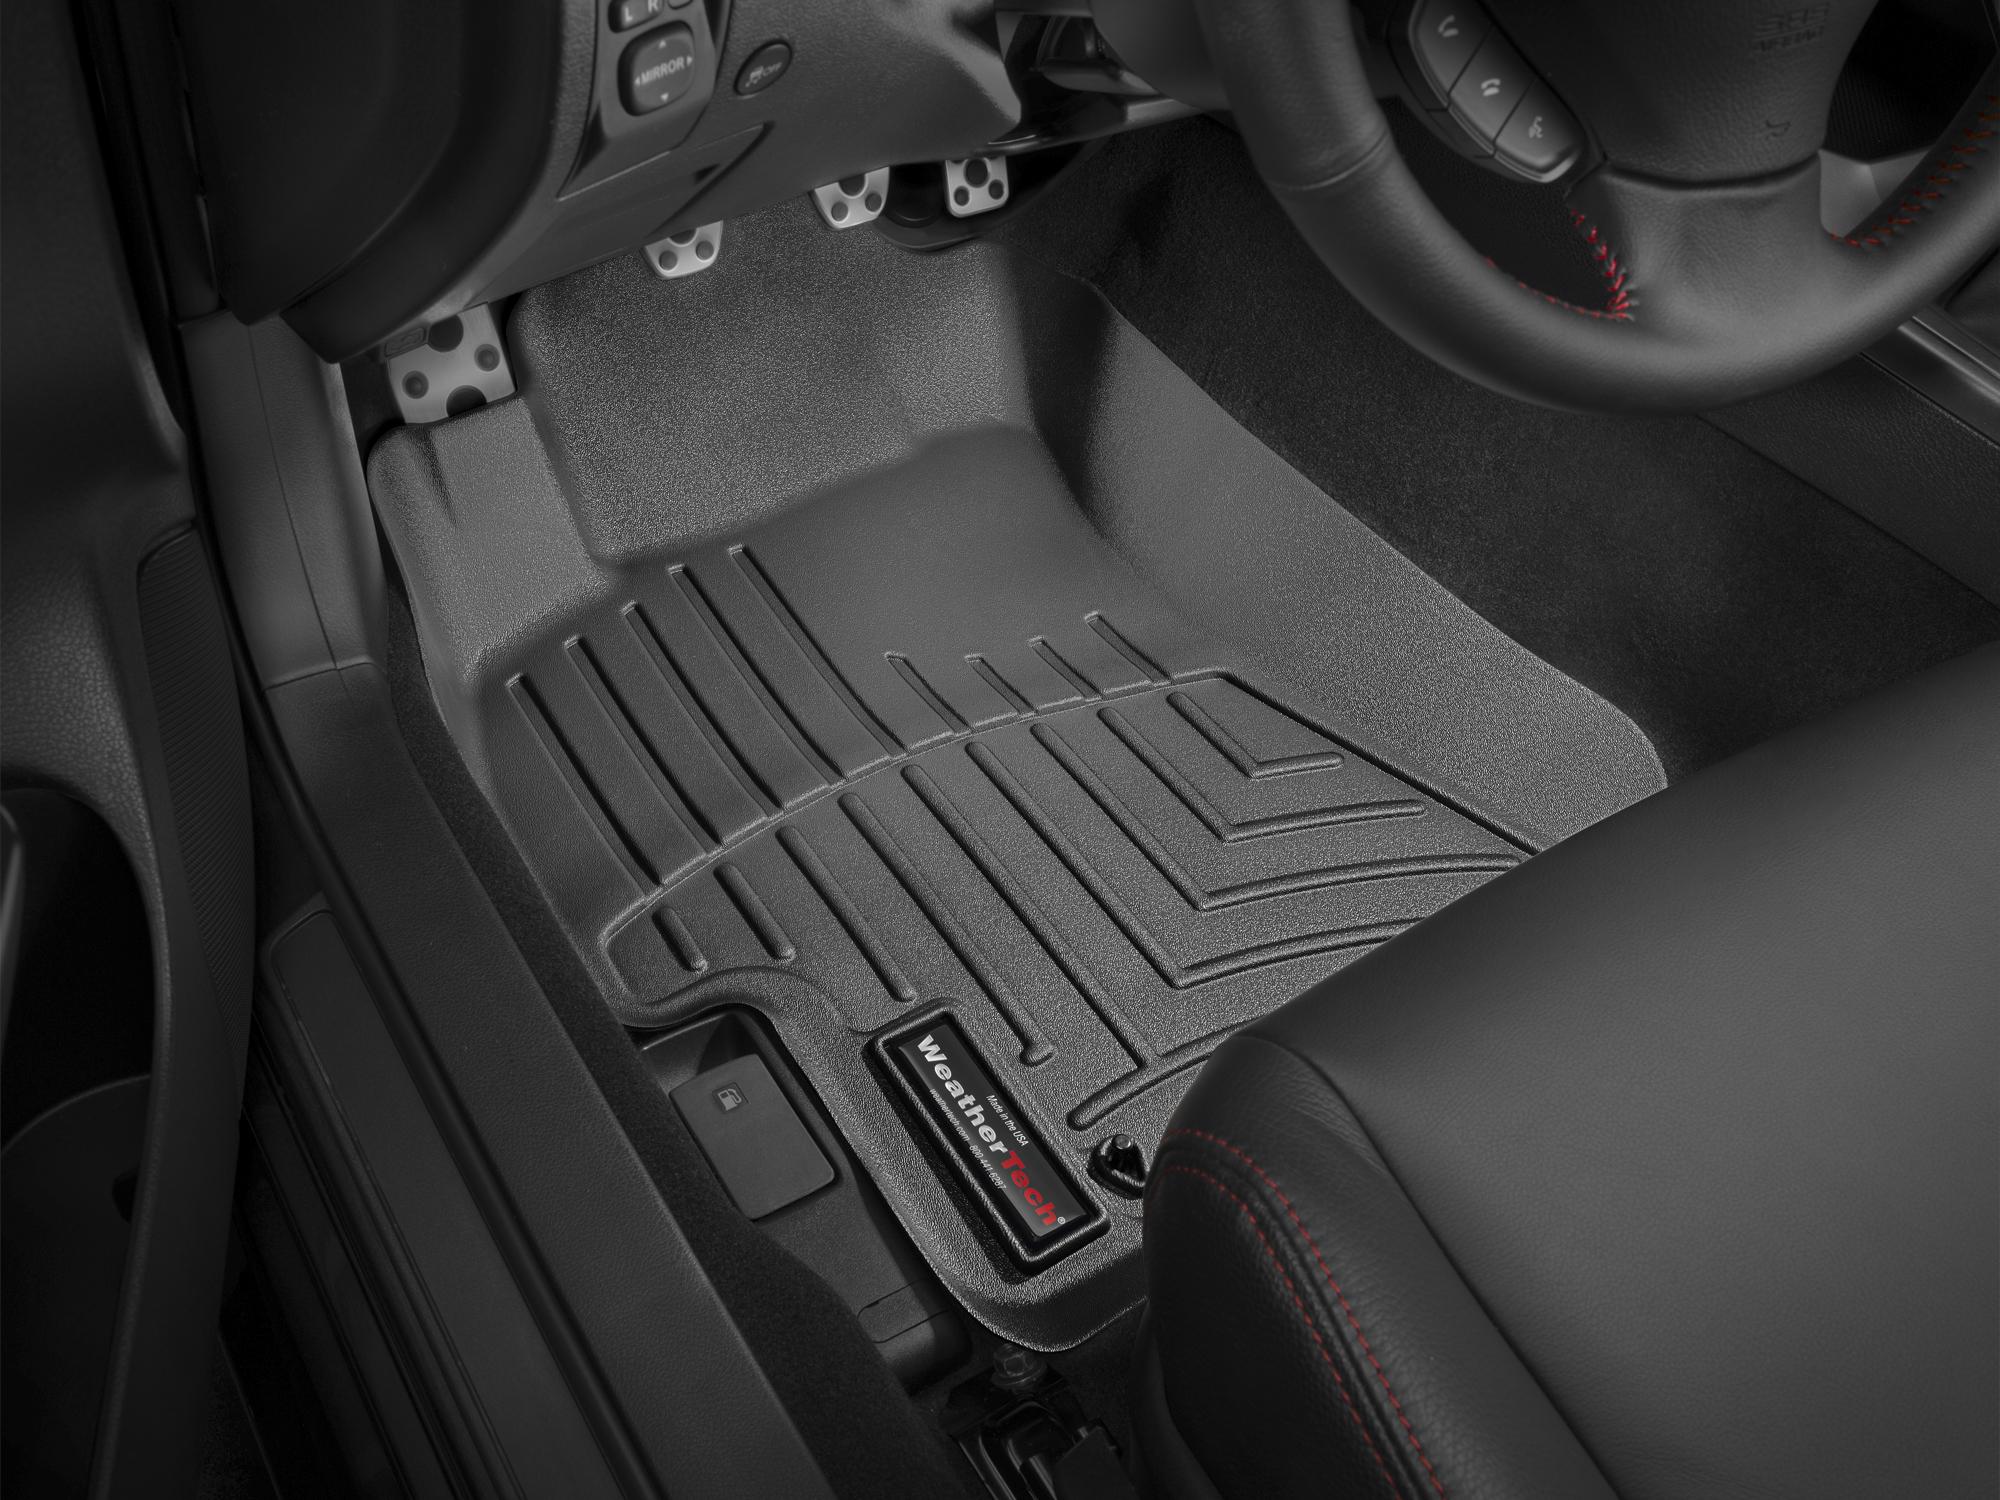 Tappeti gomma su misura bordo alto Subaru Impreza WRX STi 07>07 Nero A3467
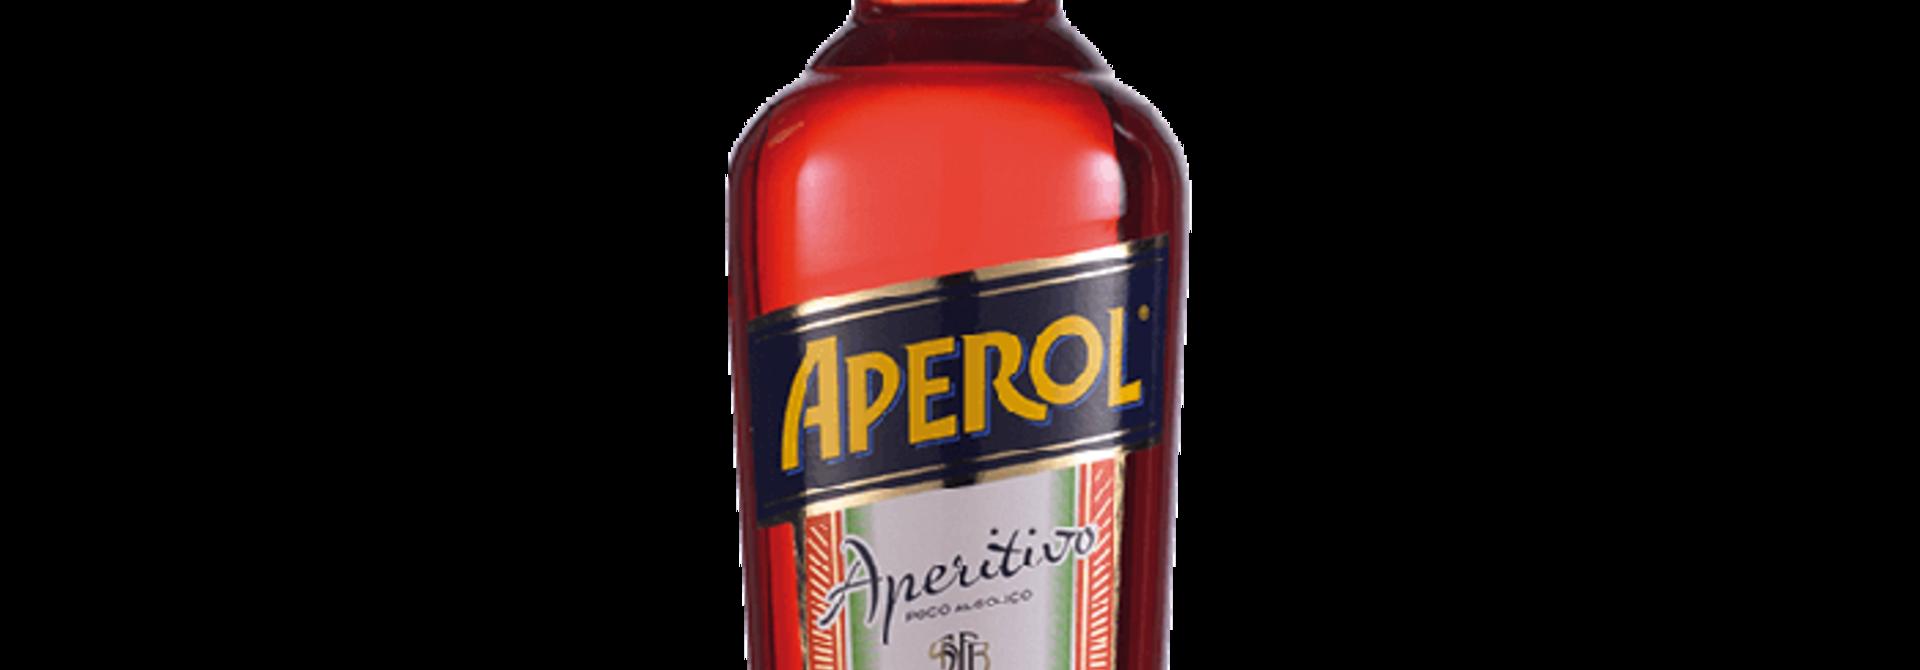 APEROL 0.7ltr
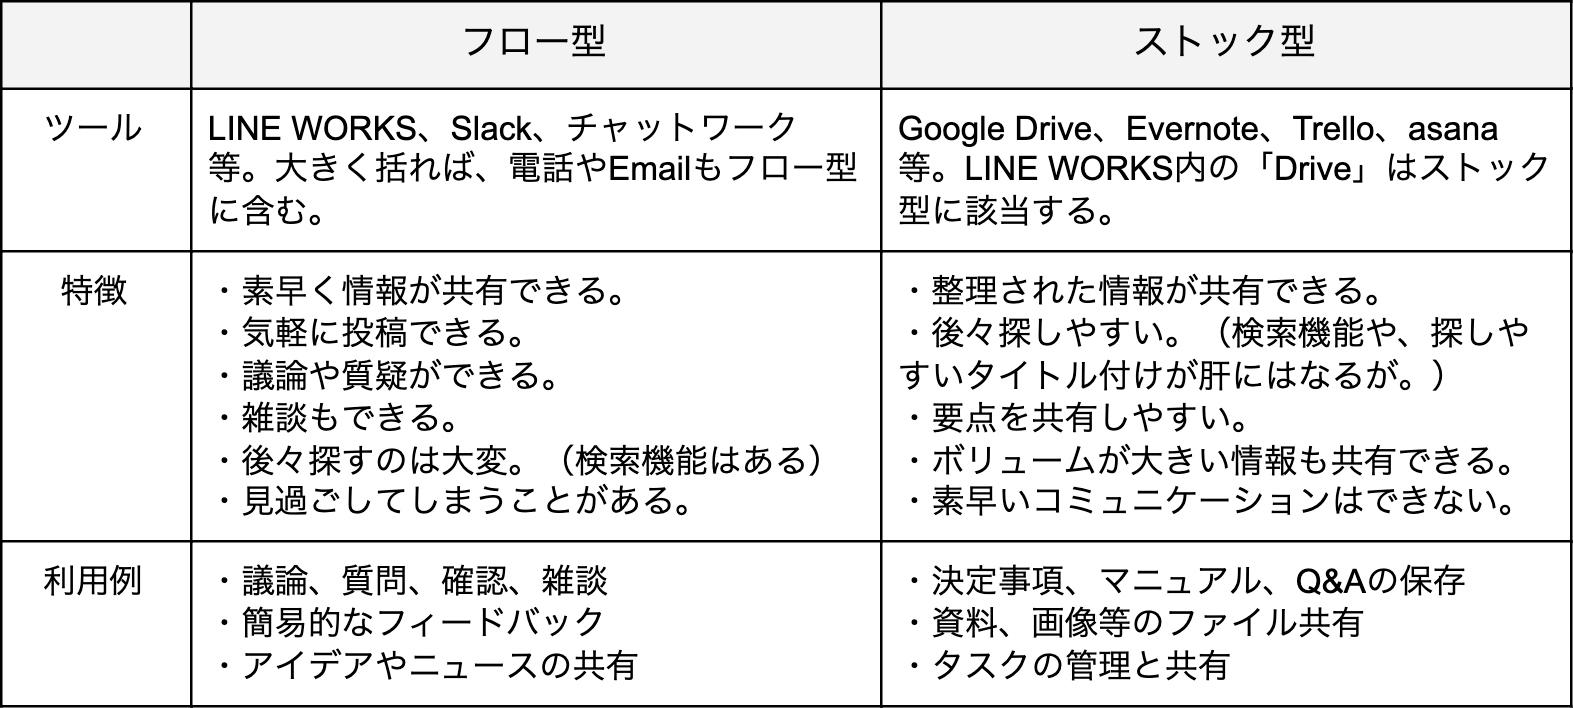 コミュニケーションツール「フロー型」と「ストック型」それぞれのメリット・デメリット
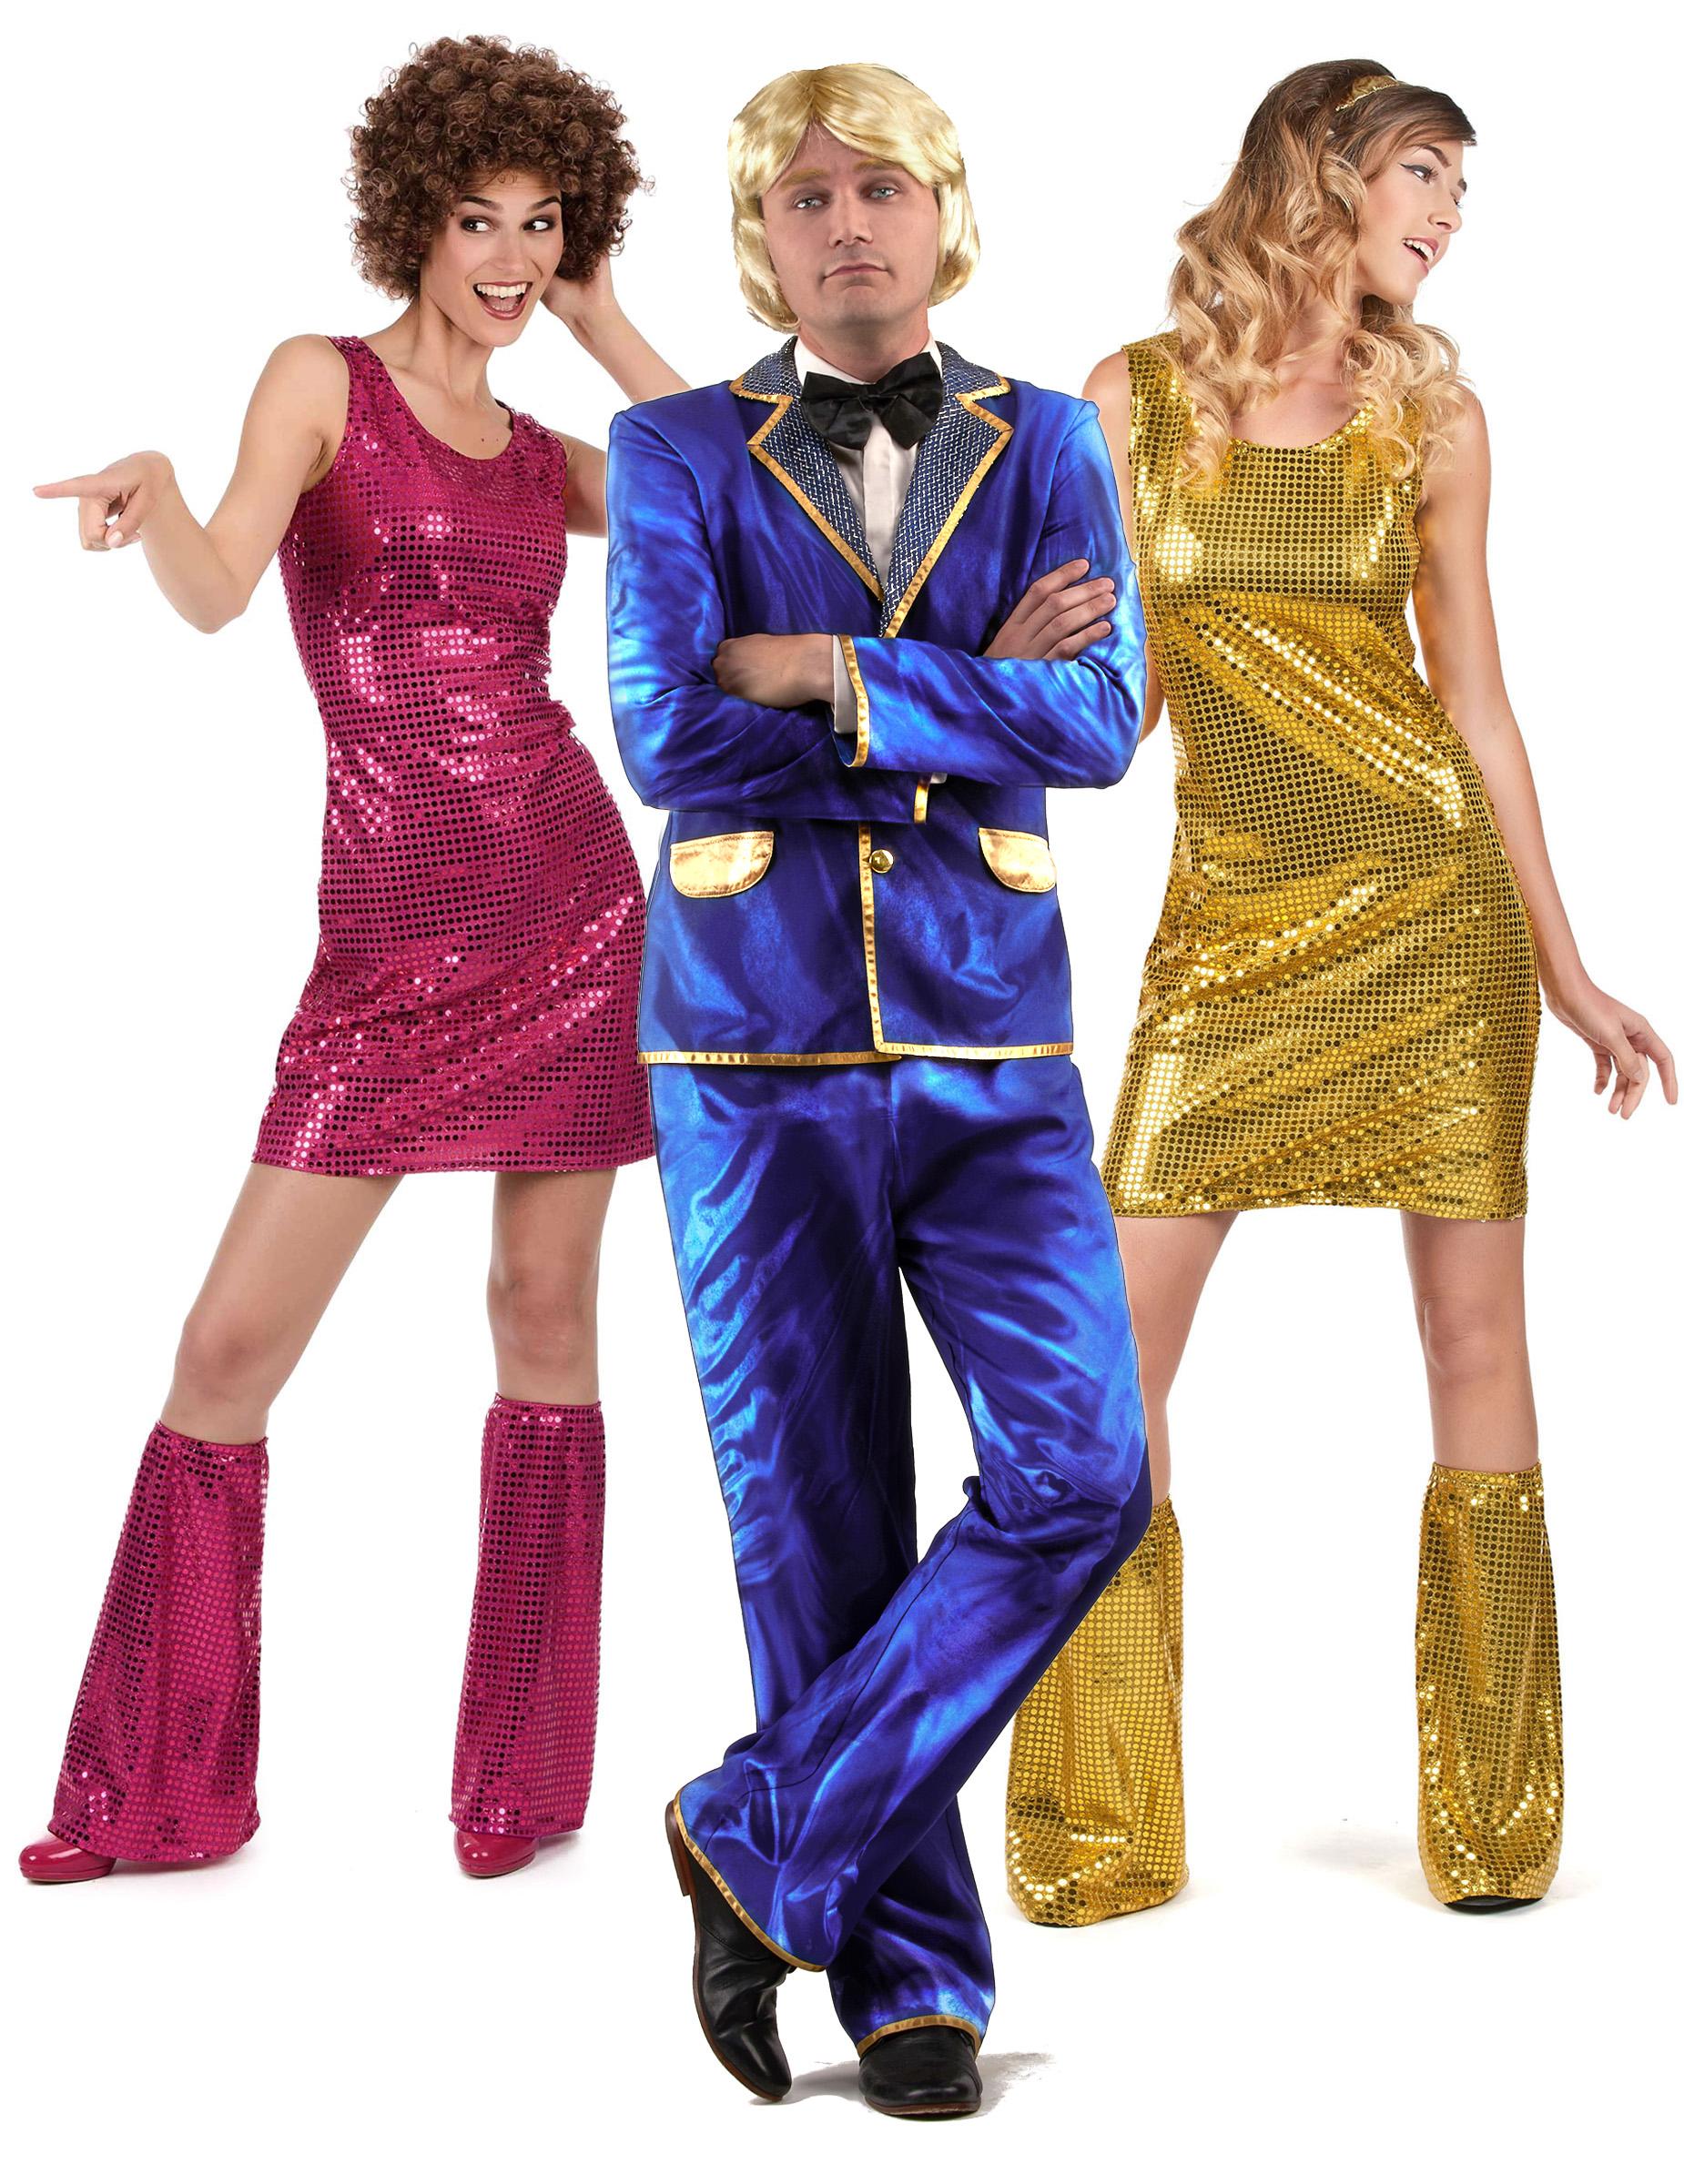 70er jahre disco gruppenkost m s nger und t nzerinnen pink blau gold g nstige faschings. Black Bedroom Furniture Sets. Home Design Ideas
----
▶ **What is expected**
This task calls for the listing to be restated exactly, with images omitted.

▶ **Response**
 Tappeti gomma su misura bordo alto Subaru Impreza WRX STi 07>07 Nero A3467
 APEROL 0.7ltr
 コミュニケーションツール「フロー型」と「ストック型」それぞれのメリット・デメリット
 70er jahre disco gruppenkost m s nger und t nzerinnen pink blau gold g nstige faschings. Black Bedroom Furniture Sets. Home Design Ideas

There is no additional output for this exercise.